### DIRECTIONS FOR THIS TASK
Go through the listing below and retype exactly the lines starting at the one with "(JUSTIÇA GRATUITA), REGINALDO" and ending at the one with "Обучающая развивающая книга", skipping pictures.

### RECORD SET
# # #

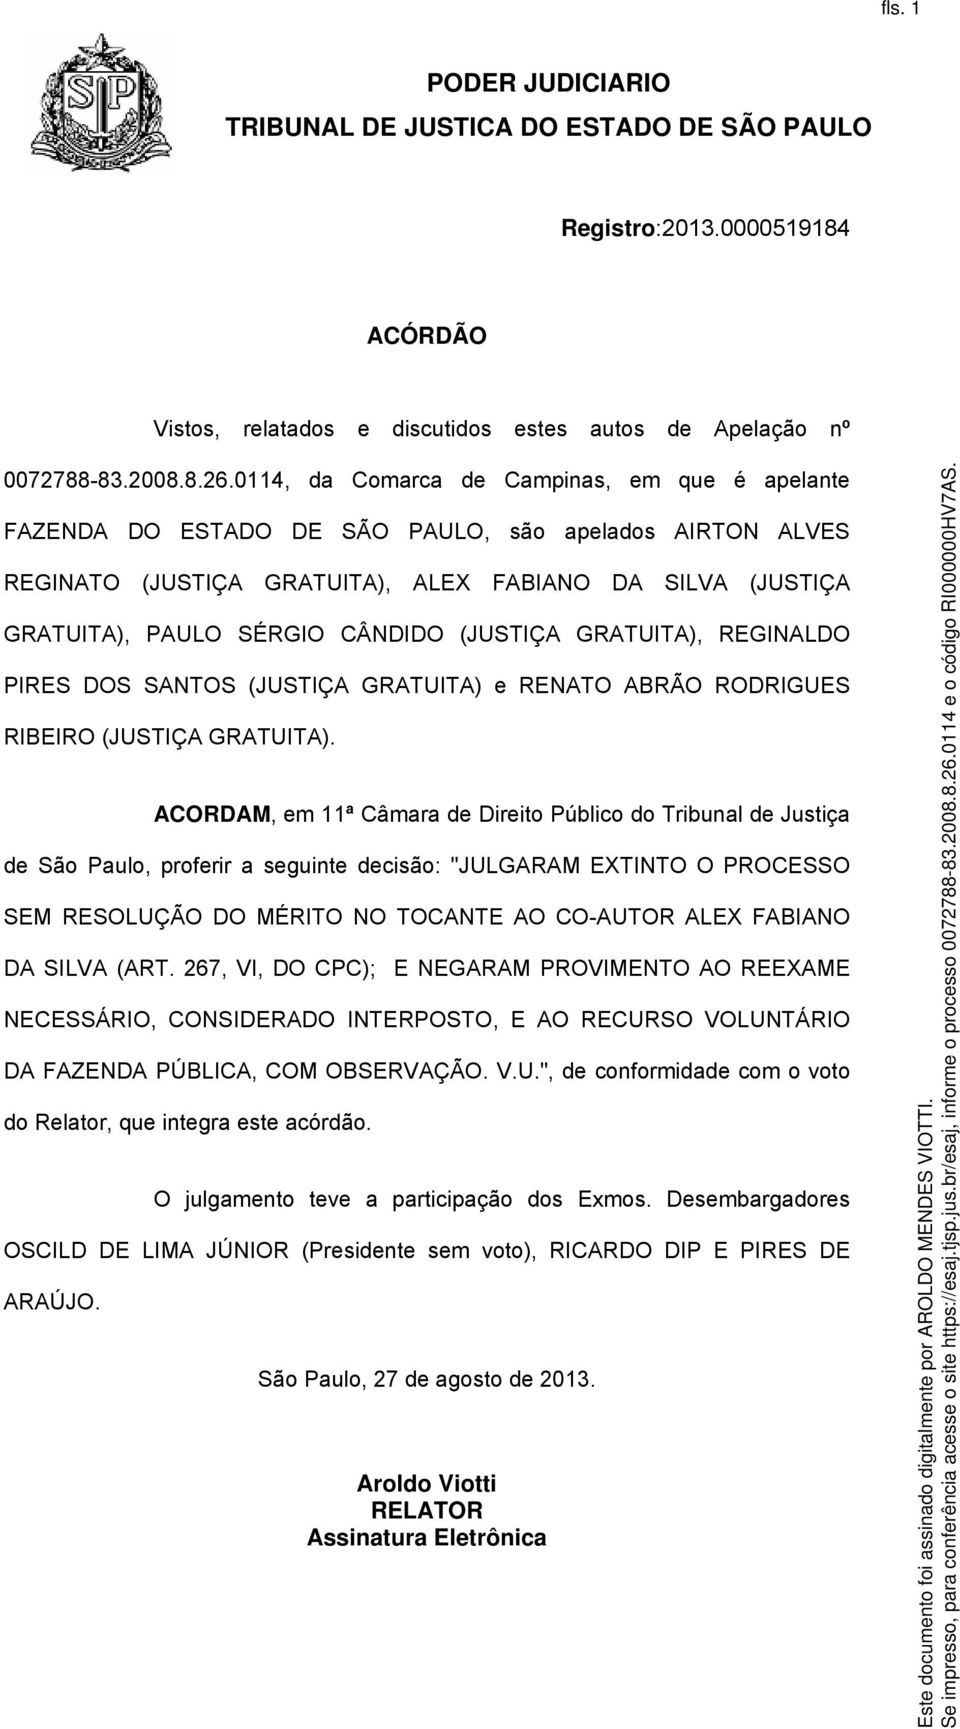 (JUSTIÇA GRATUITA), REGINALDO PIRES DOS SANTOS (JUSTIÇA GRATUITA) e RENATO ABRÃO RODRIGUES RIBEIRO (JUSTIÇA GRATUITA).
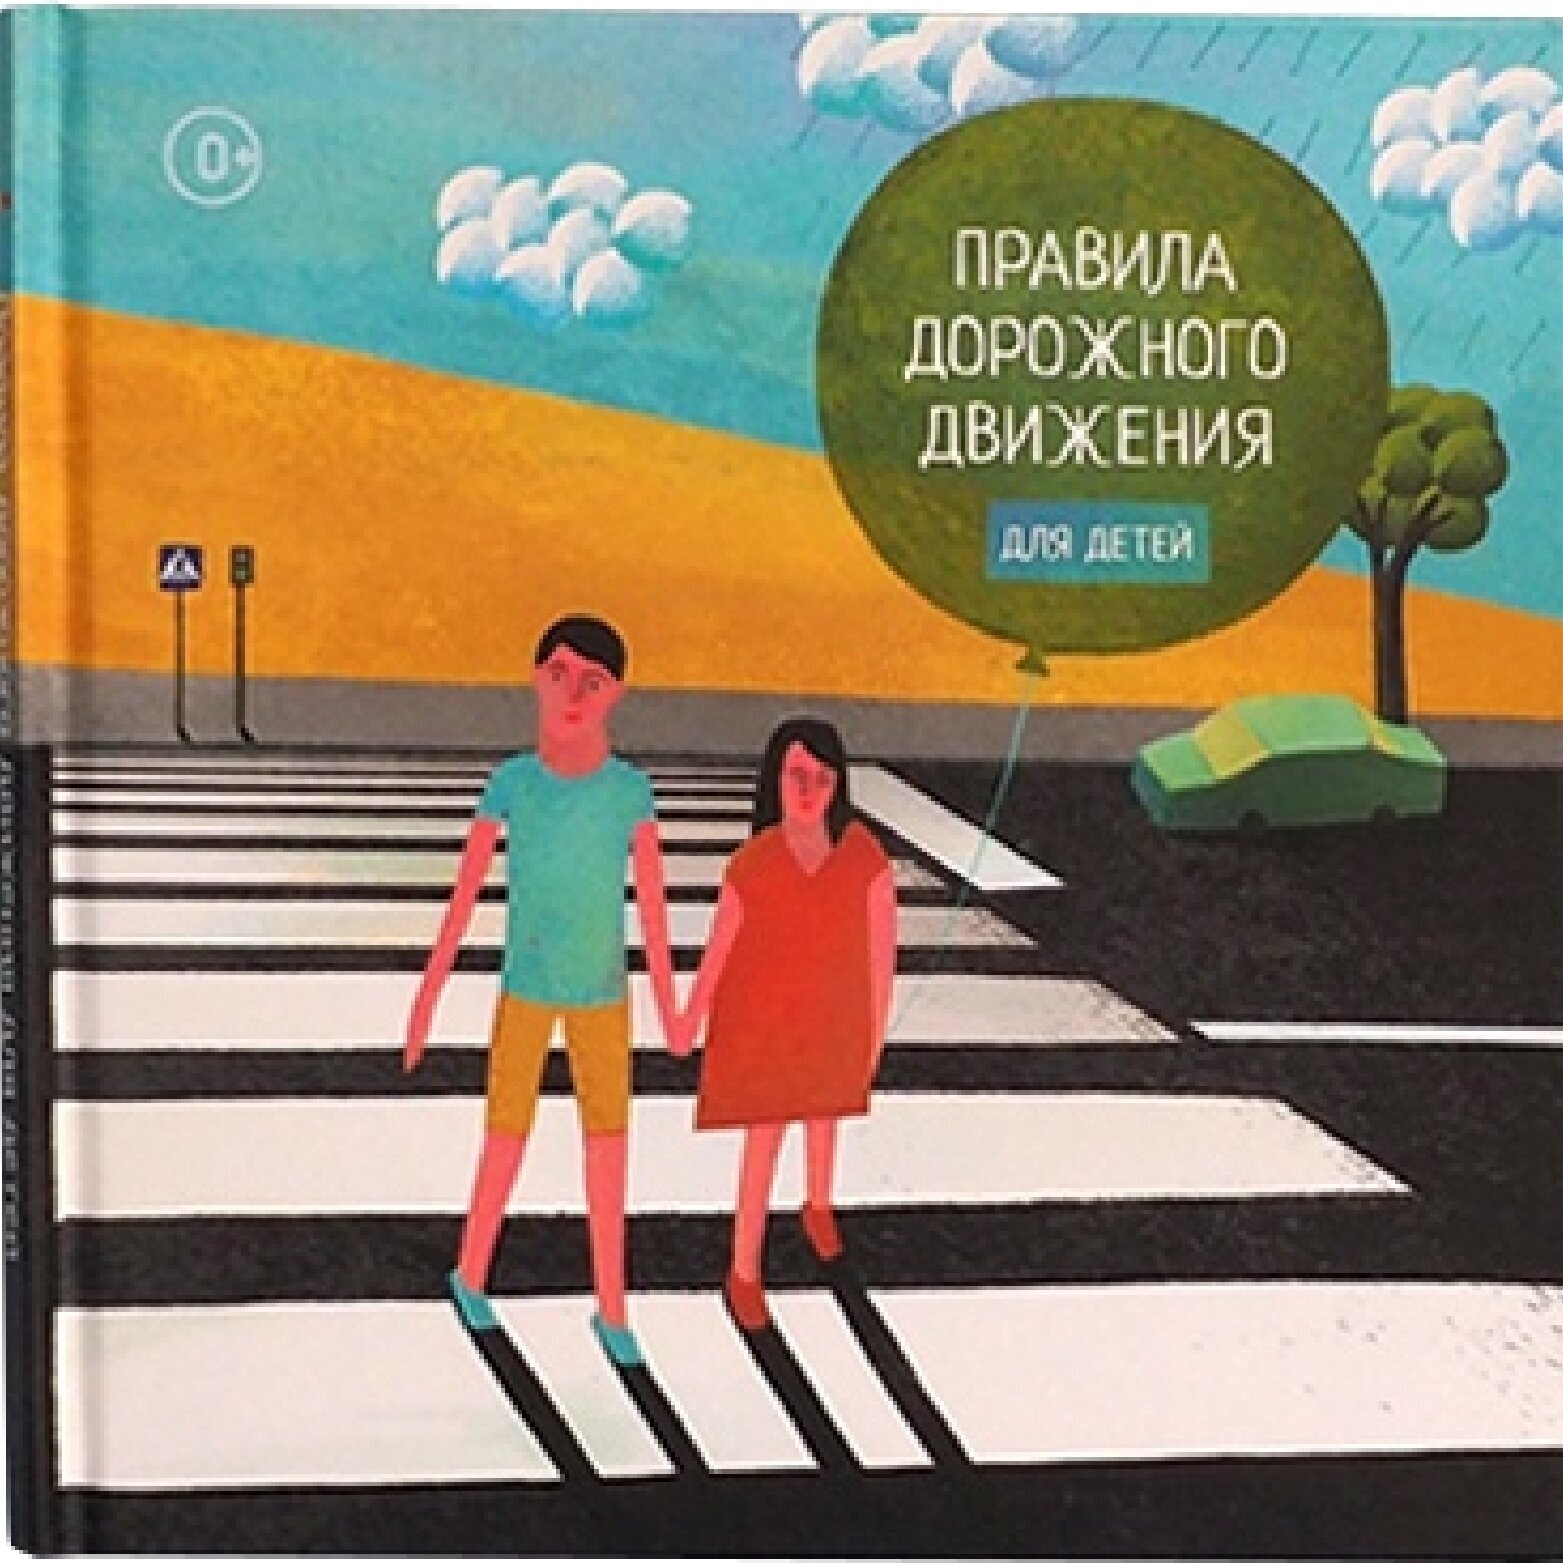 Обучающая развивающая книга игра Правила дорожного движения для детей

# # #

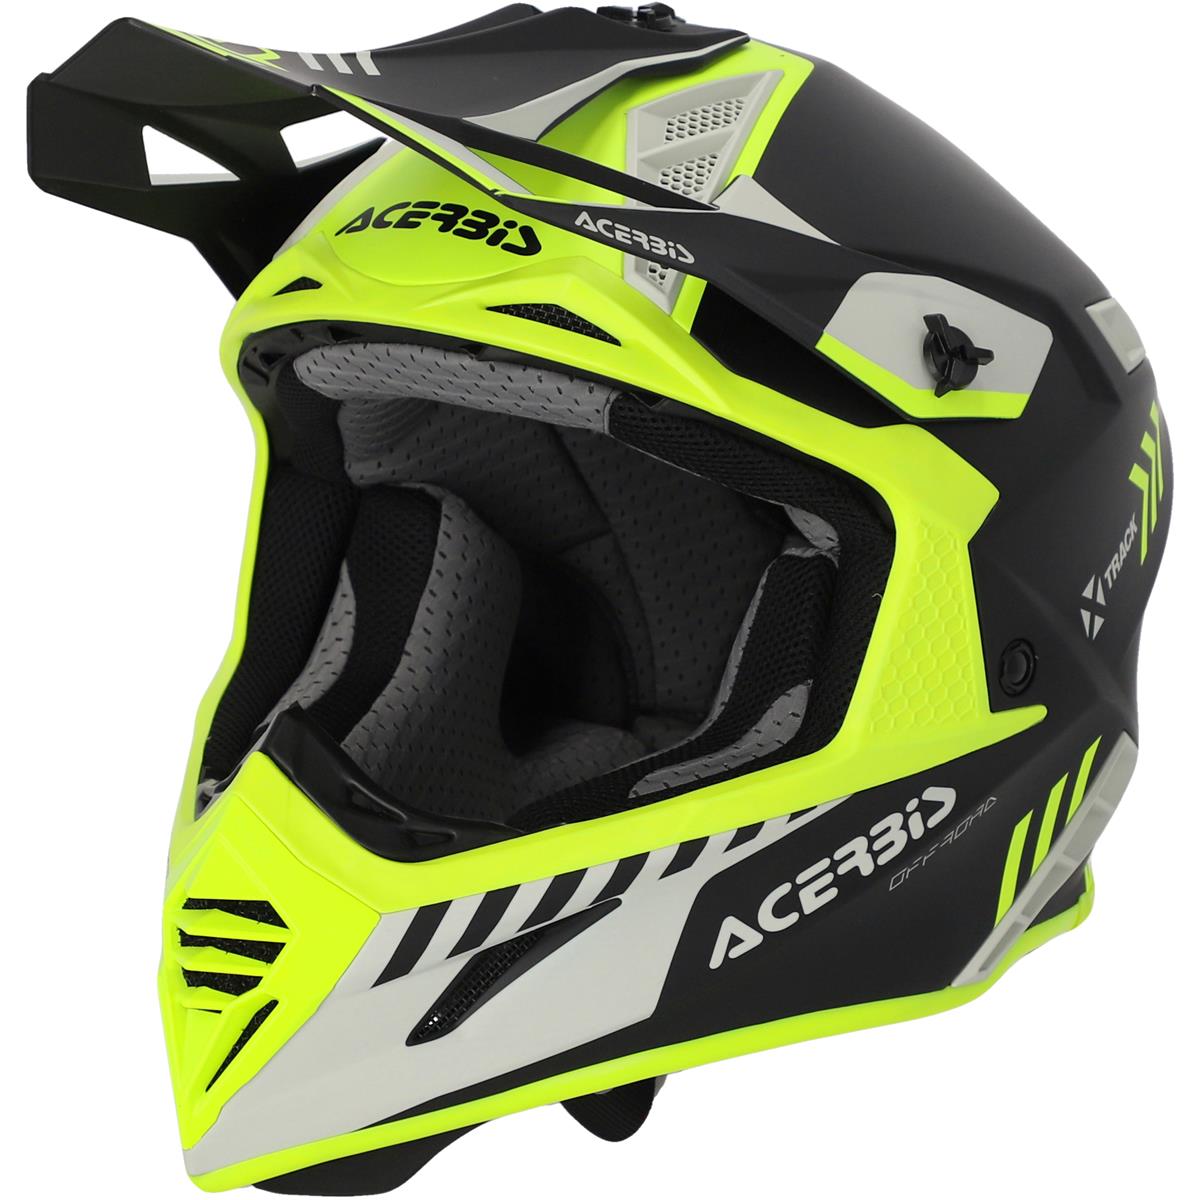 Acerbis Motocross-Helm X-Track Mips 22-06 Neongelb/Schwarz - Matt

# # #

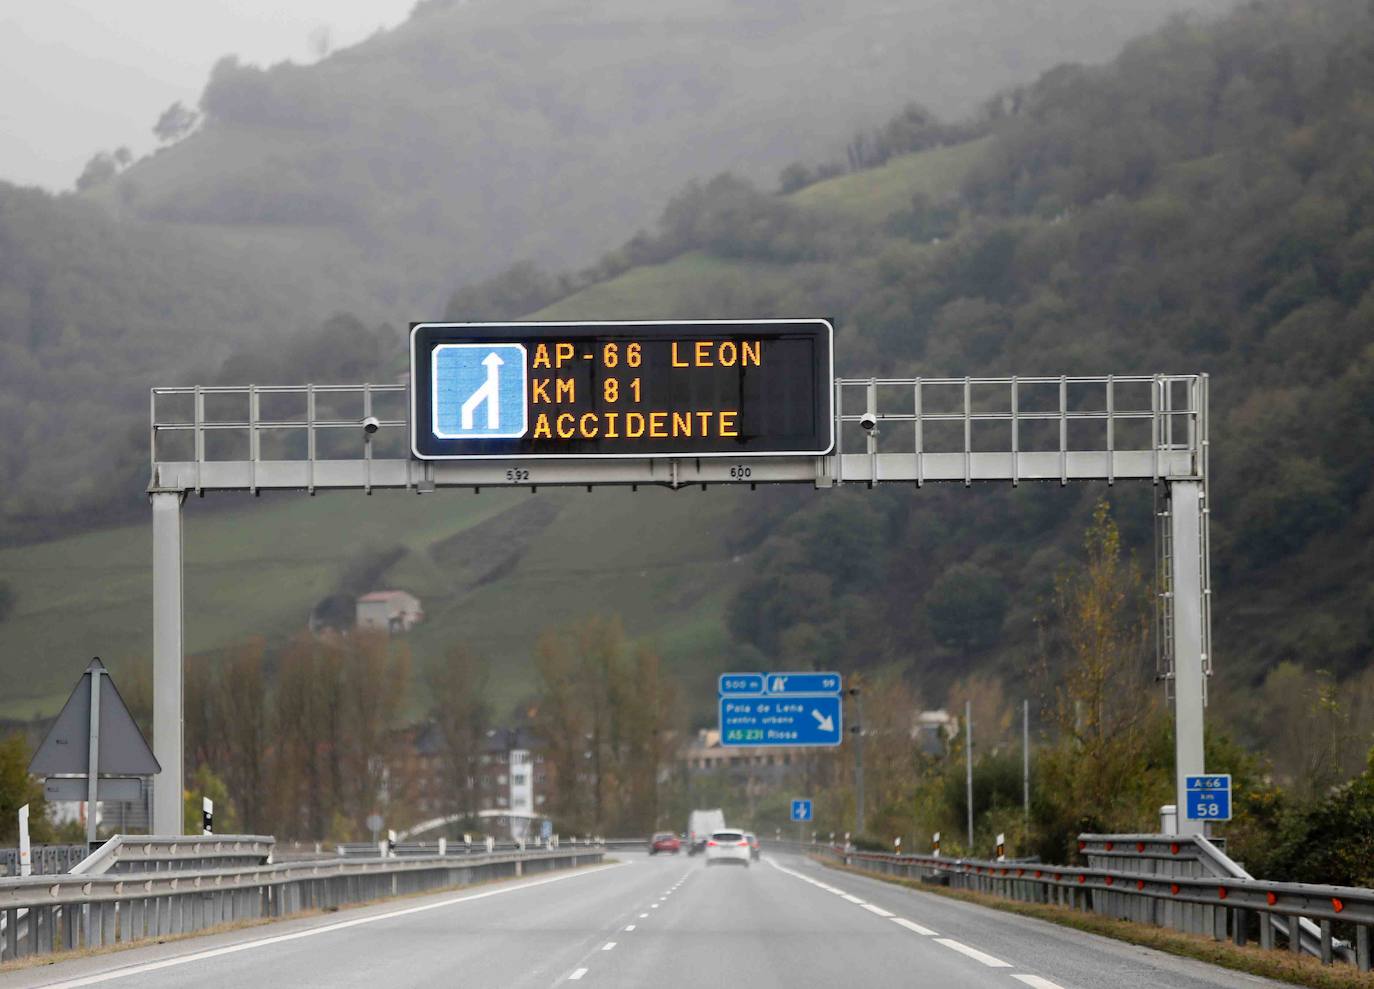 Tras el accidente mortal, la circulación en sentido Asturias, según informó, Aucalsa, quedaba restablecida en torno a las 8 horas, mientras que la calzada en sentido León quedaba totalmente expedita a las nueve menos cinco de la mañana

# # #

### TASK RESULT
 (JUSTIÇA GRATUITA), REGINALDO PIRES DOS SANTOS (JUSTIÇA GRATUITA) e RENATO ABRÃO RODRIGUES RIBEIRO (JUSTIÇA GRATUITA).
 Обучающая развивающая книга игра Правила дорожного движения для детей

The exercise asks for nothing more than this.